This session is part of the 10-week seminar series, Data, Technology and Innovation in Government, led by Nick Sinai. Seminars are for students only (graduate and undergraduate) and are not-for-credit. Please register below to reserve your space.
Description: From the EPA’s release of the toxic chemicals data to the FCC’s current net neutrality debate, transparency/disclosure can be an important regulatory strategy. In 2015, what is the role of open data in regulatory efforts? How does/should the media and the public participate in rule design? What about in enforcement? Can modern digital services at regulatory agencies improve compliance and/or lower costs? What role does choice design and simplicity play? Are there areas (environmental, safety, labor, financial markets, etc.) where regulatory modernization has outsized benefits or risks? How close are we to what Tim O’Reilly calls “algorithmic regulation”?

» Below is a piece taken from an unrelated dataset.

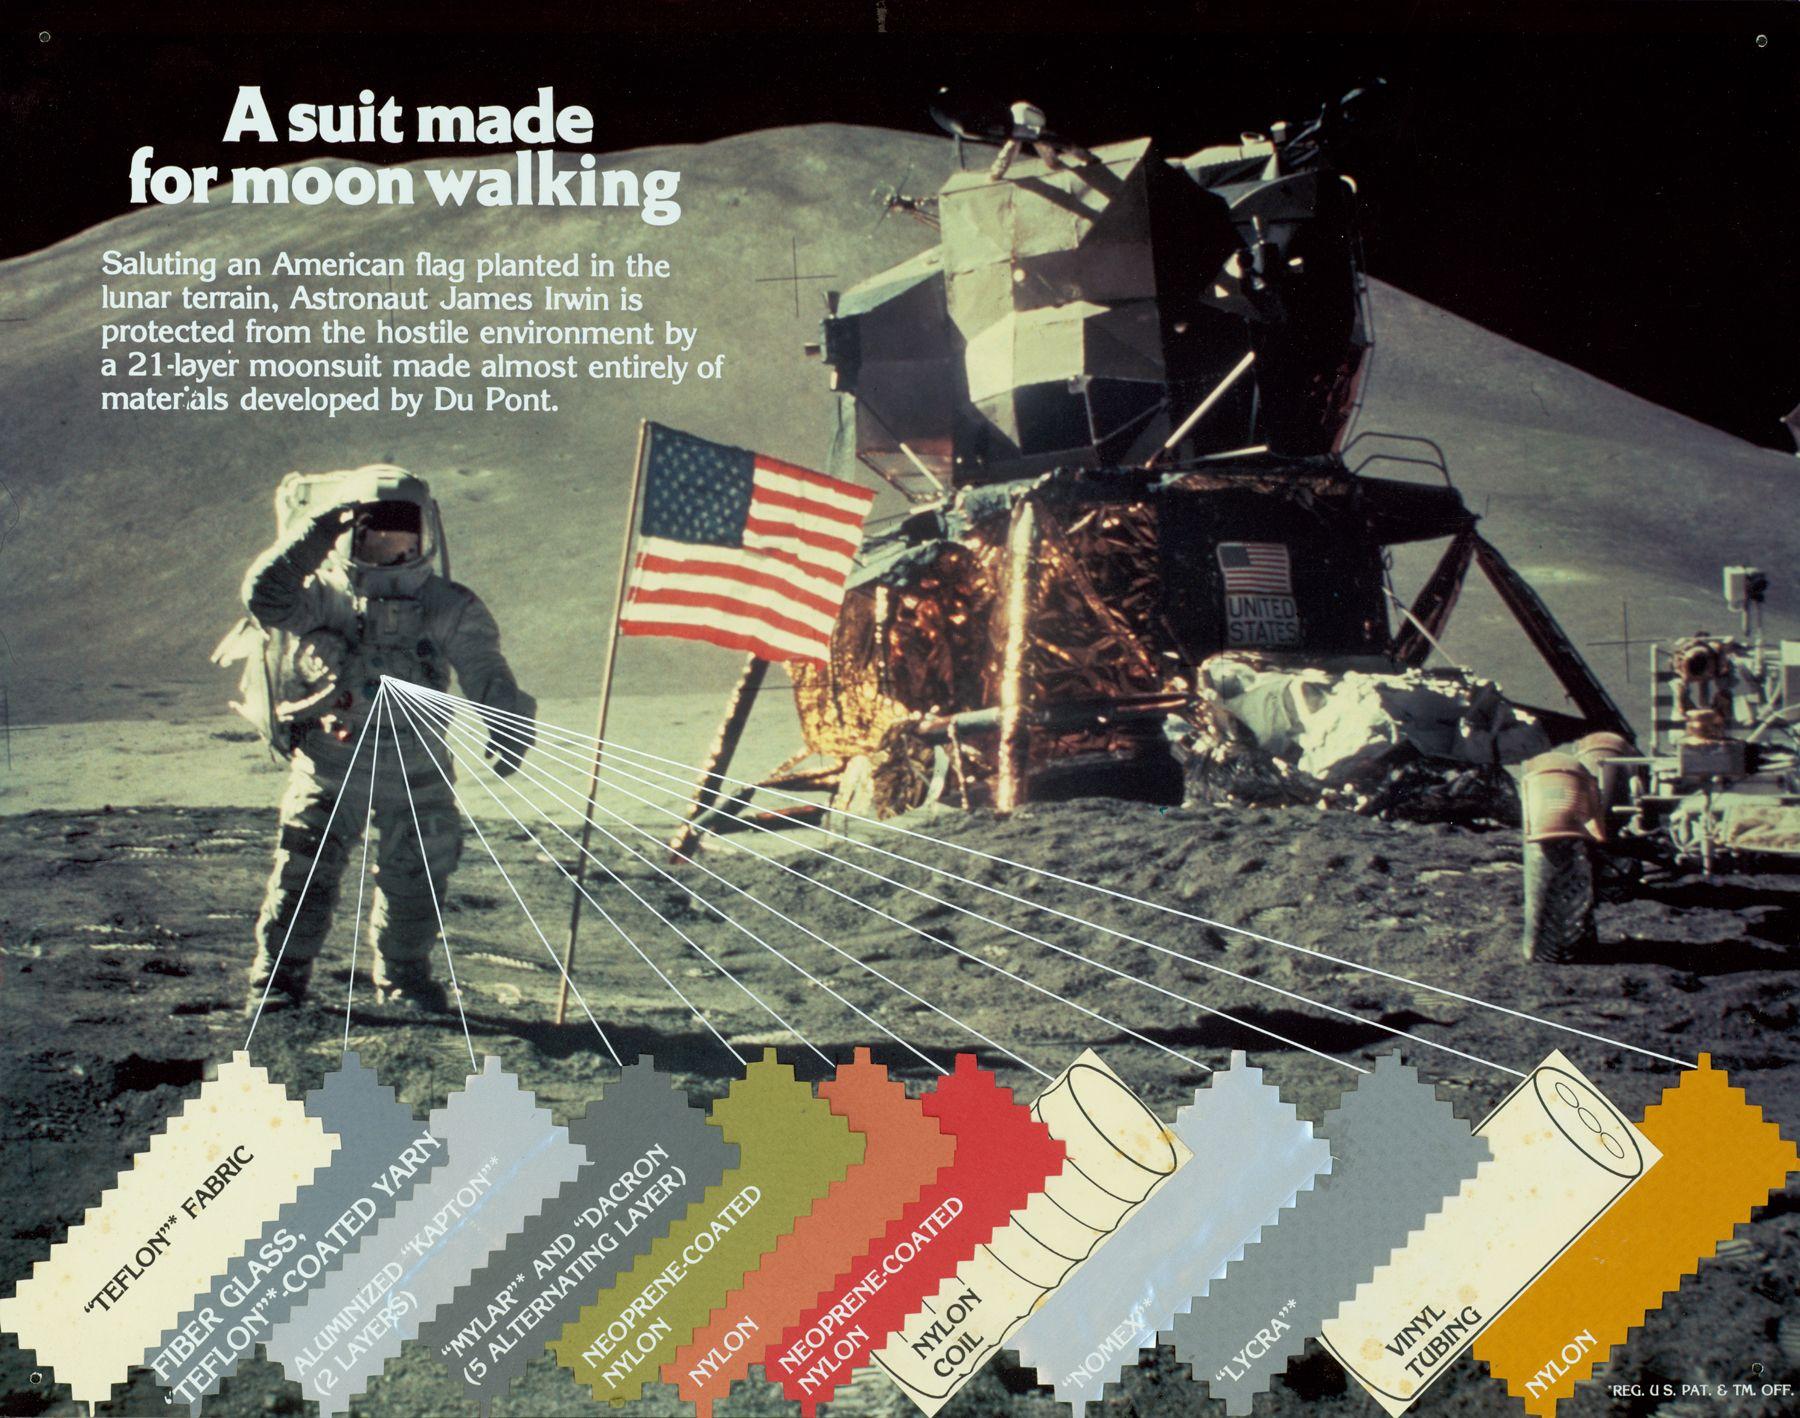 astronaut space suit material - photo #20

Anti-discrimination is a focus for some regulatory agencies. As the White House Big Data Report highlighted, data will transform the way we live and work, and will alter the relationships between government, citizens, businesses, and consumers. That also includes the potential for data-driven discrimination in areas like education, housing, and employment. How should the federal government, and especially anti-discrimination agencies, respond? What are the potential market, technology, and legislative/regulatory solutions? How do government agencies build capacity and expertise in a time of tight budgets and extremely competitive labor markets for data scientists and tech talent?